Totally. So Jamie did that music at the end, which is… it's love. He brought love back into the room and Bush wrote: there's nothing else to do but love one another and die. That and Jamie's music are the two strongest heart punches. The dancers as well, they are brilliant. The only thing I would love to change about the music is the fact that Jamie and I were not in the room together during the process. That's another thing if you ask me about the future of my dancing: a key to the studio and to afford to have the musicians there too, everyone in the room.
Oona Doherty
Oona Doherty, born in London in 1986, is an Irish dancer, choreographer and artist from Belfast whose dance style is known for its strength, expression of anger and tenderness. Doherty studied at the London School of Contemporary Dance, the University of Ulster and the Laban Centre London and worked for four years with the Dutch company “T.R.A.S.H.”, which is known for its punk, experimental style. She has won numerous awards for her choreography, such as the “Best Performers Award” at the “Tiger Dublin Fringe Awards 2016” for her piece “Hope Hunt”. In 2021, she was awarded the Silver Lion at the Venice Dance Biennale.

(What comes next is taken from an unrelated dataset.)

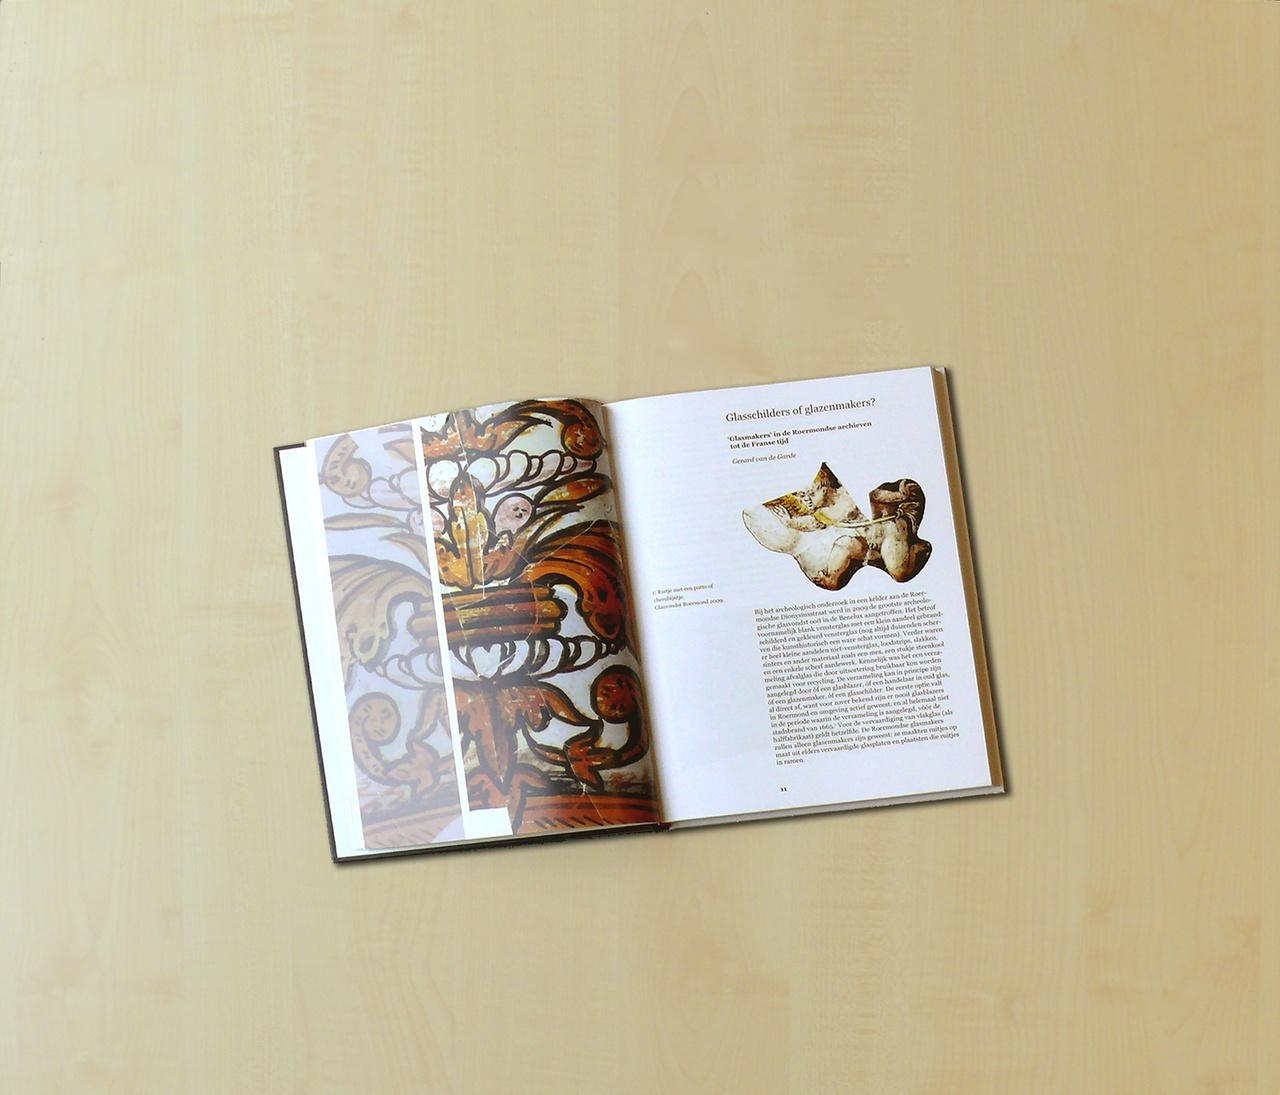 boek-roermond-glazeniersstad-open.jpg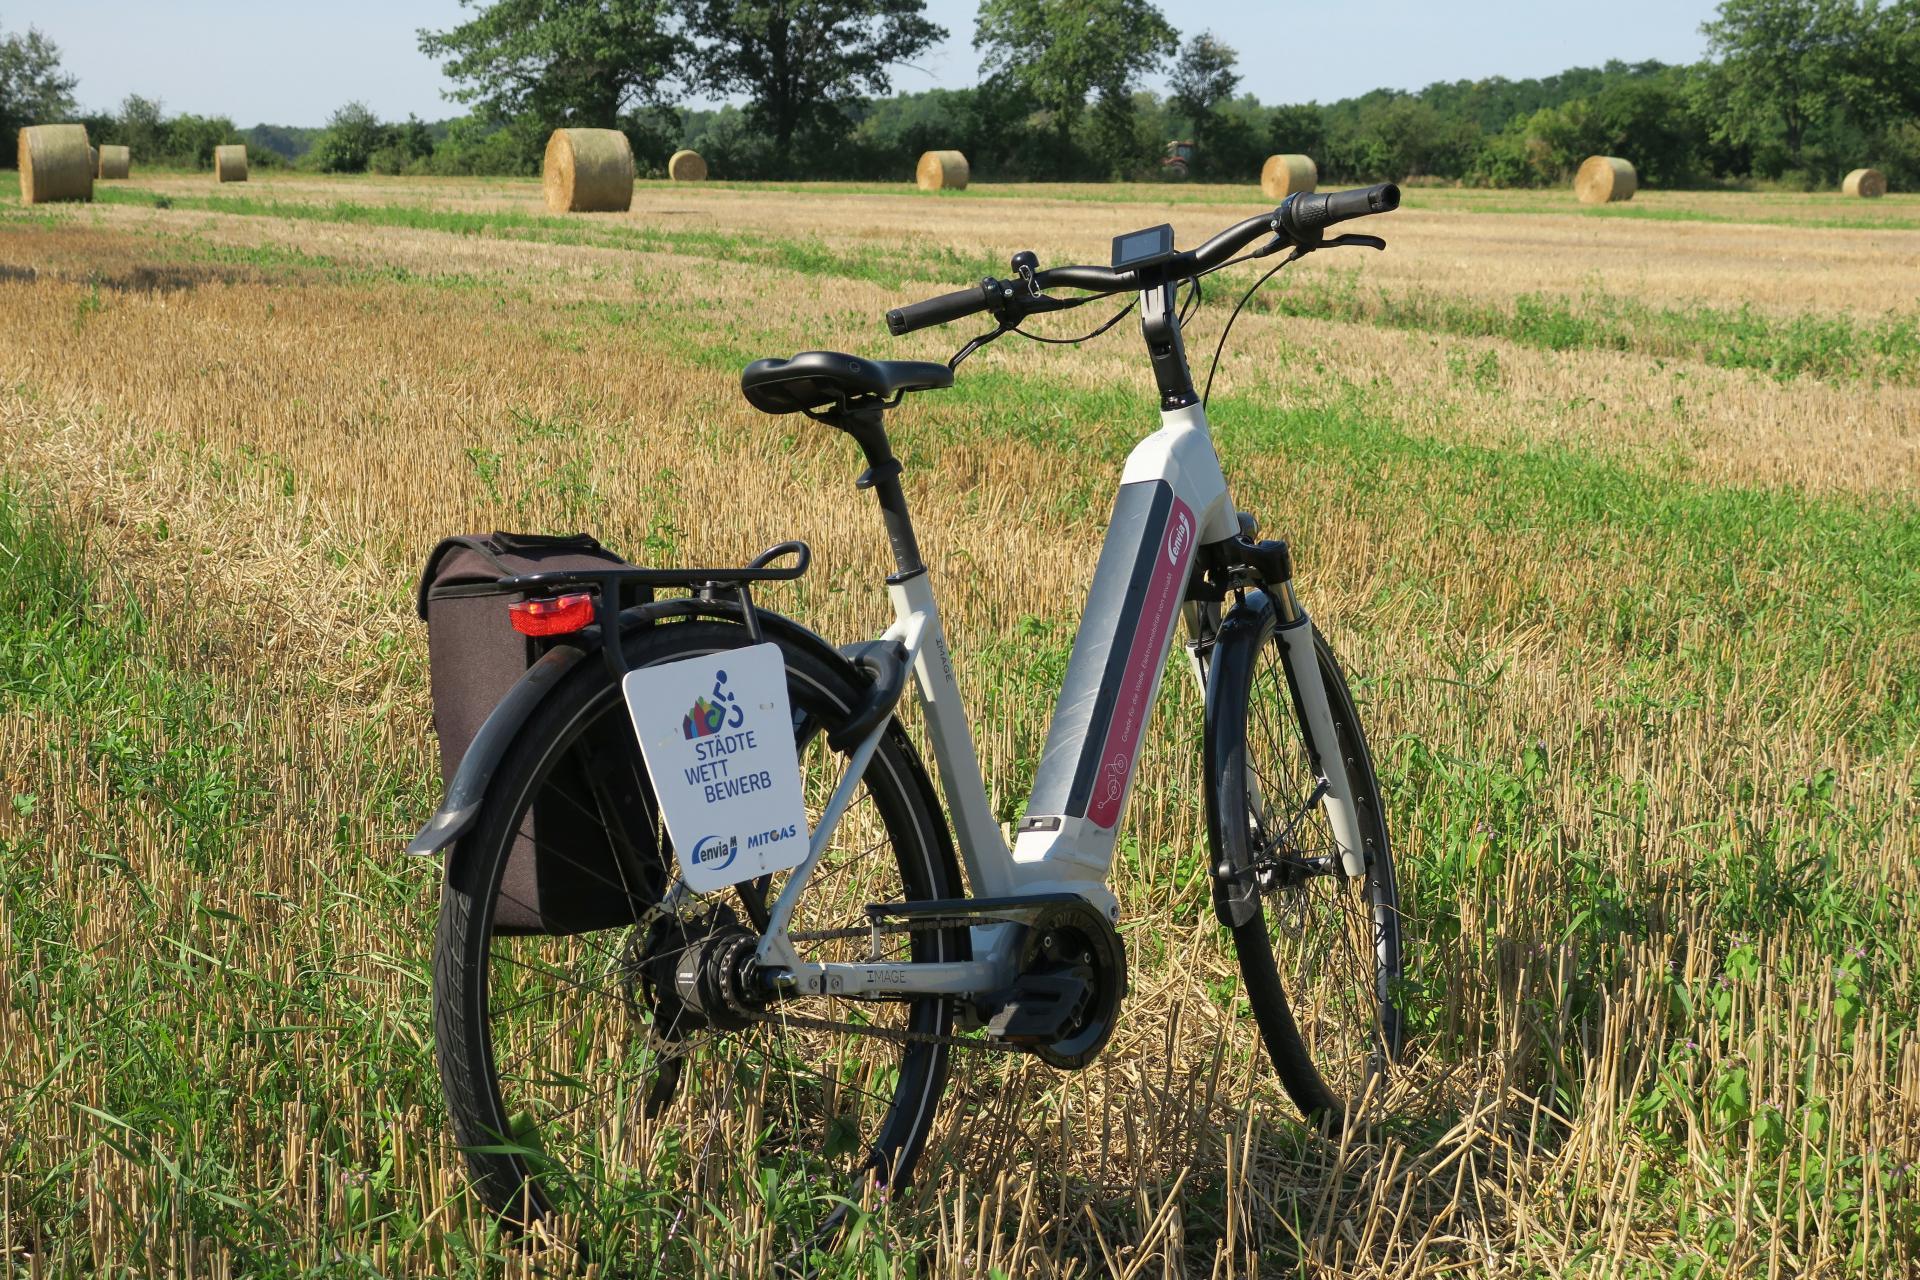 """Mit diesem Rad waren der Bürgermeister sowie einige Mitarbeiter der Verwaltung im August unterwegs, um """"Strecke zu machen"""". Foto: Stadt Calau / Jan Hornhauer"""

In 2024 she became one of Sadlers Wells Associates and won a CHANEL Next Prize.
About the author
Isabel Gatzke works as a dramaturge in the fields of contemporary dance and performance. She studied Cultural Studies and Aesthetic Practice (B.A.) at the University of Hildesheim and Dramaturgy (M.A.) at the Zurich University of the Arts.
Her practice is characterized by the close connection of dramaturgy as theoretical research and as a working method and conception in artistic processes – her work focuses on (auto)biographical and autofictional approaches and an examination sensitive to diversity of bodies and language. 2022 and 2023 she co-curated the education programme of the Zürcher Theater Spektakel and has been part of the Gessnerallee programme team since the season 2024/25.